NORTELS DEAD: What are you going to do now?

It used to be so easy to choose a quality phone system that would last 15+ years with almost no maintenace, but then Nortel went Bankrupt.

In 2006 Nortel (Bell Canada) had 82% of the North American corporate phone market, was huge in Chinese Goverments and popular everywhere else in the world.  By 2011 Nortel had 52% of the North American market for corporate phone systems.  Nortel (soooo sadly) is dead and when Avaya took over they largely killed Nortels land line products.

PRI IS WAINING: What are you going to do now?

Digital lines (PRI’s) for companies that need more than 10 lines have been all the rage for 15+ years and for good reason.  Today however, SIP (Session Initiated Protocol) phones (read, internet phones) are taking over in a big way and only phone systems produced in the last 5 (ish) years support SIP.  SIP treats voice as what it is… data, only data with a higher priority.  If you email takes an extra .5 of a second to arrive, you won’t notice or care but if you voice converstation is breaking up and lags by .5 of a second, it is unsuable.  From 2010 on, almost all systems support SIP in some way and are reliable.  The point to this is, you likely have heard the term SIP, but don’t really trust it or the companies who are selling you SIP phones.

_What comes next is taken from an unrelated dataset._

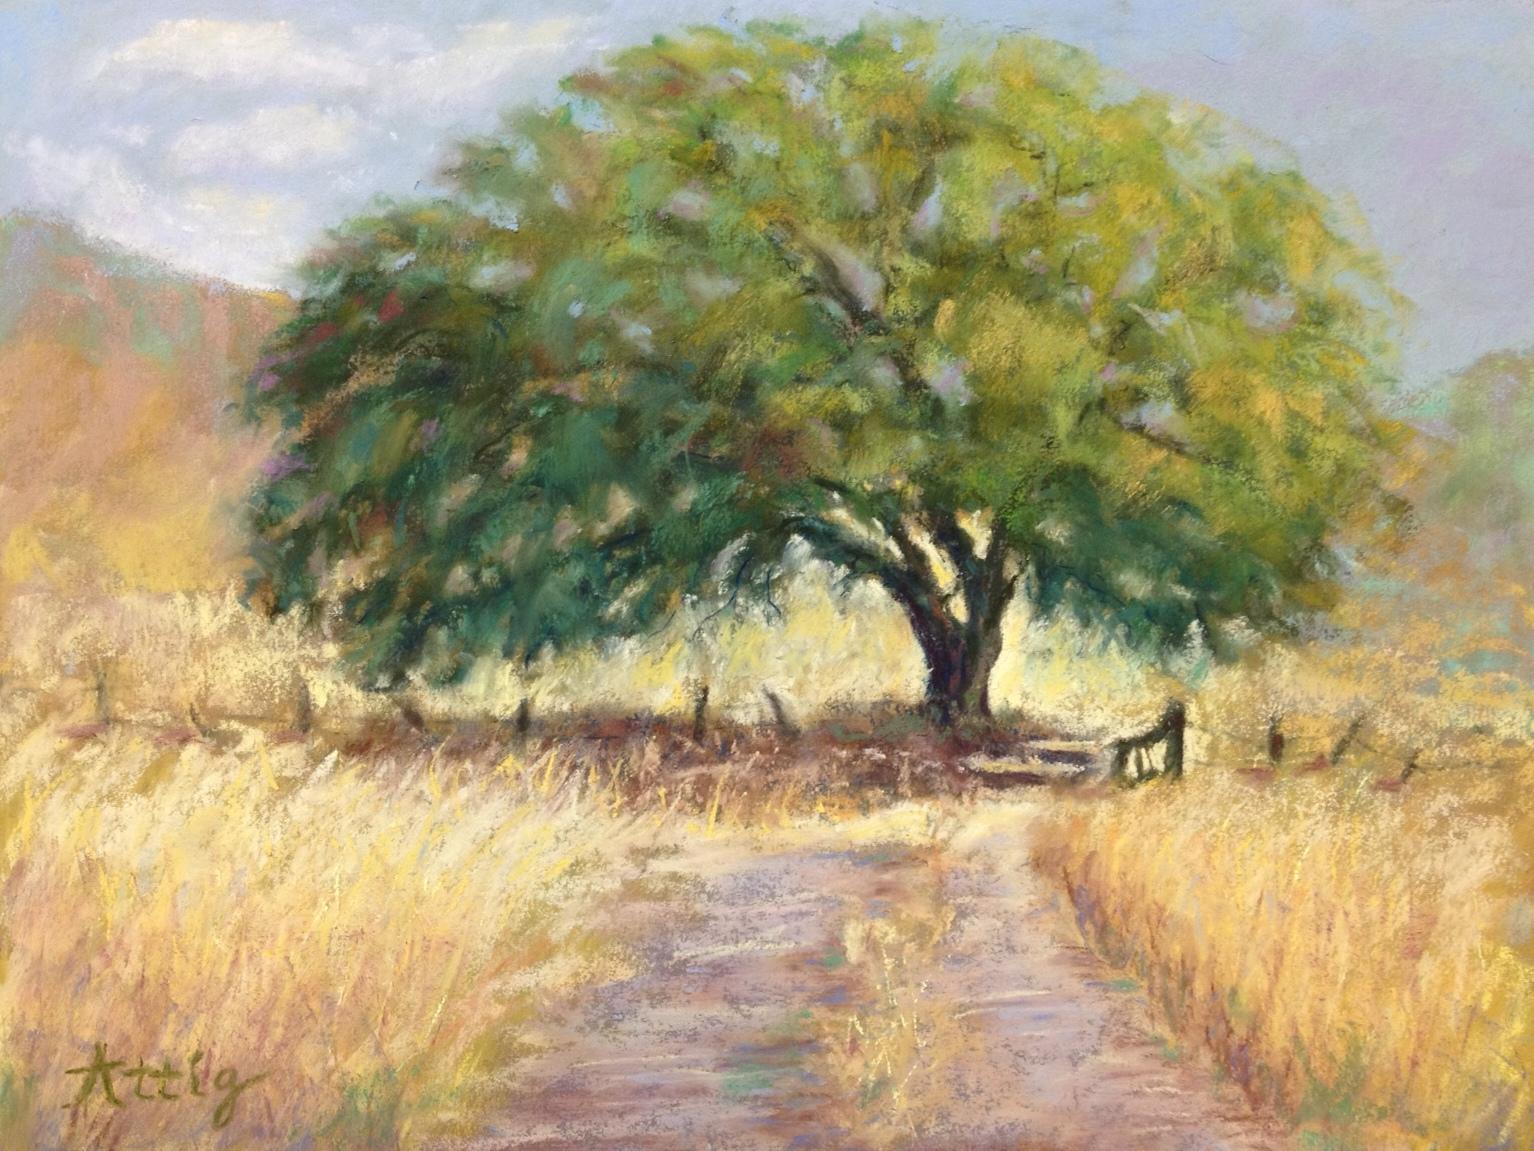 """Ruiz Field Giant Oak"" 9"" x 12"" $495"

VENDORS ARE CHANGING: What are you going to do now?

New phone systems, mean new phone vendors so your old relationships with your Nortel vendor likely is going to go away.  Many of the Nortel/Avaya vendors are either choosing to die out with the old technology or struggling to migrate to the brave new world.  Either way, you likely want to at least seriously consider a new vendor.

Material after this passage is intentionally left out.